Мне потом говорили, что он опередил. Что он прыжком бросился и всем весом ударил открытую челюсть.
Я этого не видел. Я видел, как ринг встал дыбом. Это было настолько реально, что я не удивился. Я принялся карабкаться по брезенту. Брезент был скользкий. Я карабкался, но до верхнего края было все так же далеко. — Три… Четыре…
Счет рефери привел в сознание. Конечно, я не помню, при каком счете встал на ноги. Было глухо и темно. Только как раз передо мной маячило что-то расплывчатое. Тишина, темнота, мелькание…
Ребята потом рассказывали, будто в зале люди падали в обморок. Будто в самом деле стояла такая тишина, что слышно было, как упала капа, которую я выплюнул. Я пошел вперед, рассказывали ребята. Я шел с опущенными руками, сбыченной головой. Берлунд бросился добивать, но в спешке промахнулся, и мы оба упали.
Не помню, что было в перерыве. Помню только, как острый запах нашатыря пронзил до затылка, и мутный колеблющийся силуэт, там, напротив, обрел устойчивость. Я не отводил от него глаз и теперь узнал Берлунда.
Старик что-то говорил. Я сумел улыбнуться ему и сказал требовательно: «Капу!..»
Потом все постороннее опять перестало существовать. Я видел перед собой фигуру боксера, понимал, кто это, а все остальное не имело никакого значения. Пожалуй, в те мгновения разум отступил. Осталось сознание, что я в бою и — обнаженный инстинкт. Инстинкт пригнул мою голову в тот момент, когда к ней мощно рванулась чужая перчатка. Инстинкт послал мою руку вперед, заставил ударить крупное, в каплях пота, тело.
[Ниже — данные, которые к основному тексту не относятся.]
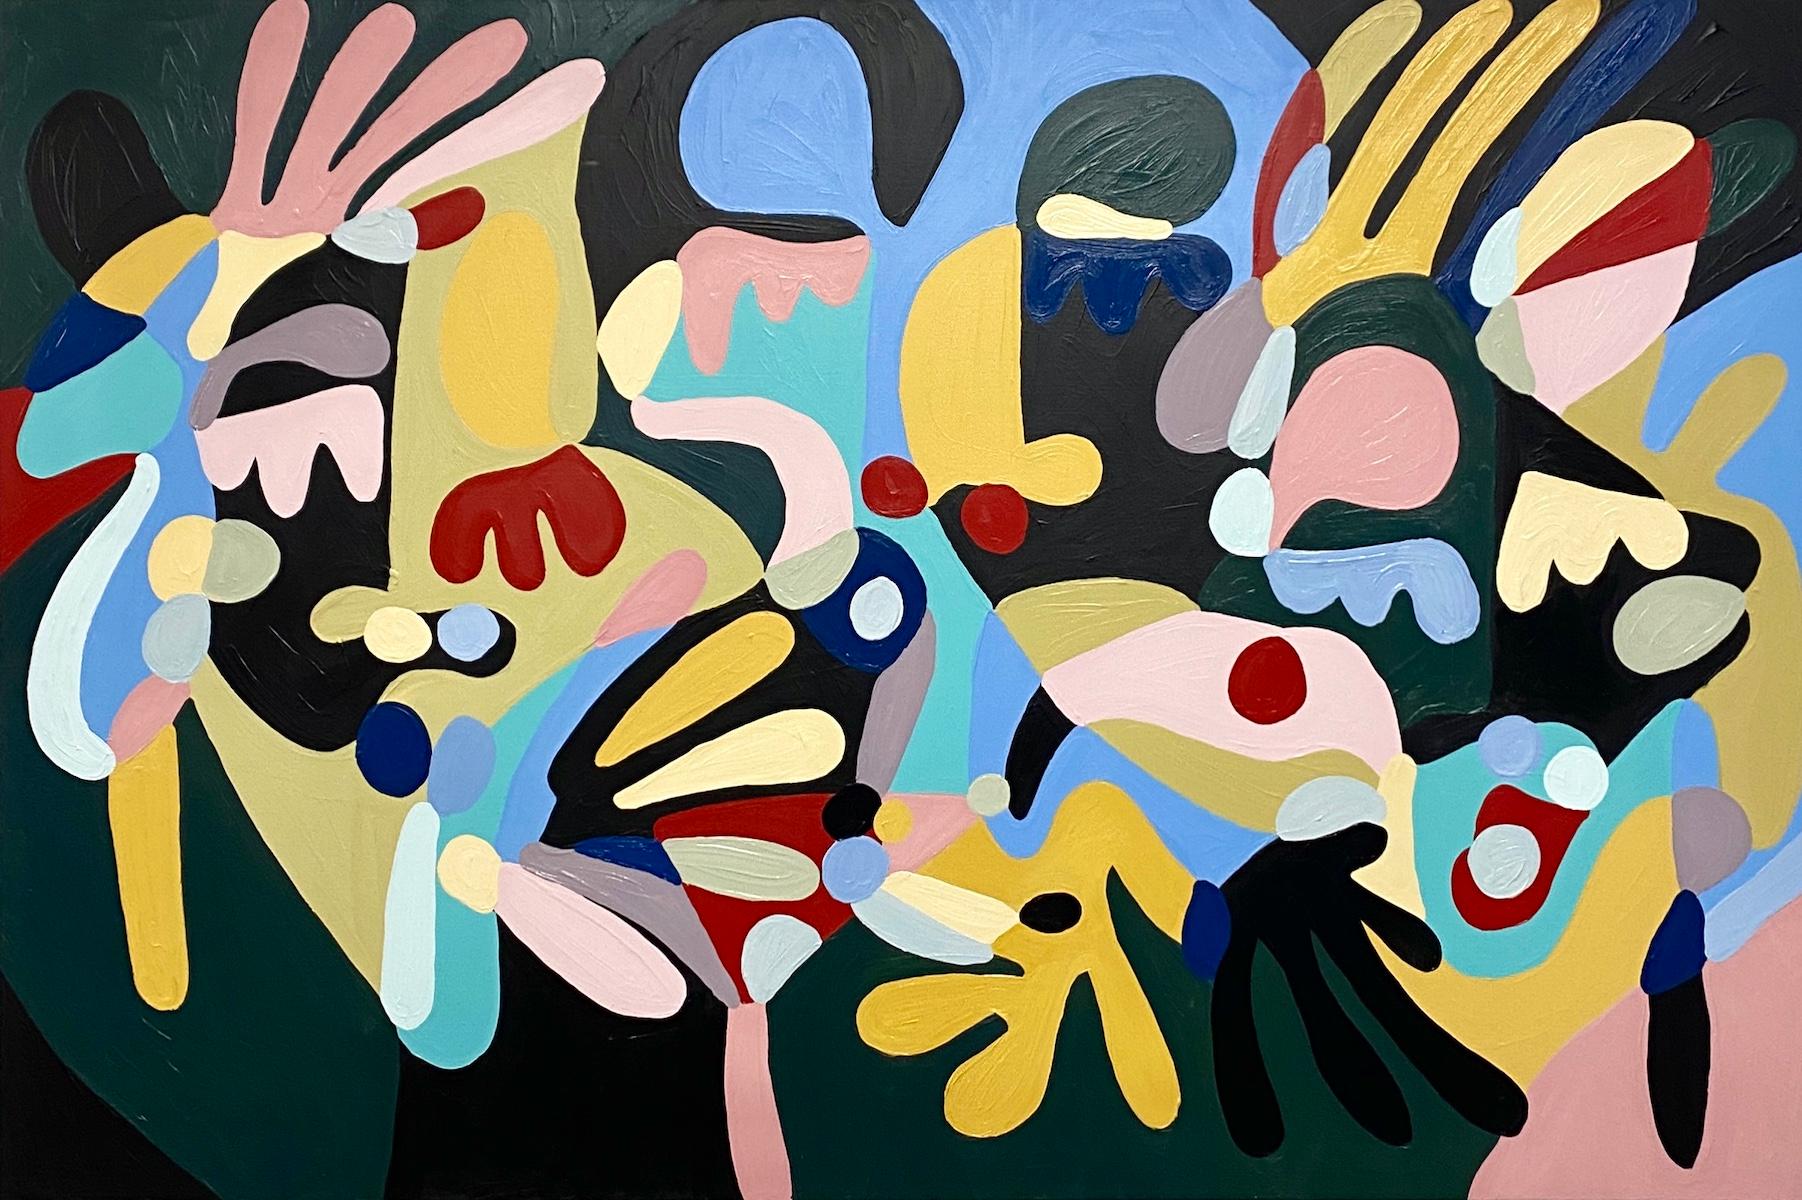 Farben eines Traums, kühnes abstraktes Gemälde im Picasso-Stil, Gemälde im Matisse-Stil

Инстинкт вложил в этот страшный удар небывалую силу.
Говорят, он упал не сразу. Говорят, он рухнул, сжавшись в комок, лишь после того, как я, шатнувшись, сделал к нему движение. Говорят, будто лежа он не отводил от меня глаз, с таким выражением словно хотел навсегда меня запомнить…
Говорят, что рефери на ринге сделал все для того, чтобы дать ему отдышаться, перетаскивал меня из угла в угол, будто по ошибке, и только после этого начав счет…
Мы были оба молоды. Конечно, только это спасло нас в бою, похожем на трагедию.
Мы были очень сильными и по-разному, но в равной мере самолюбивы.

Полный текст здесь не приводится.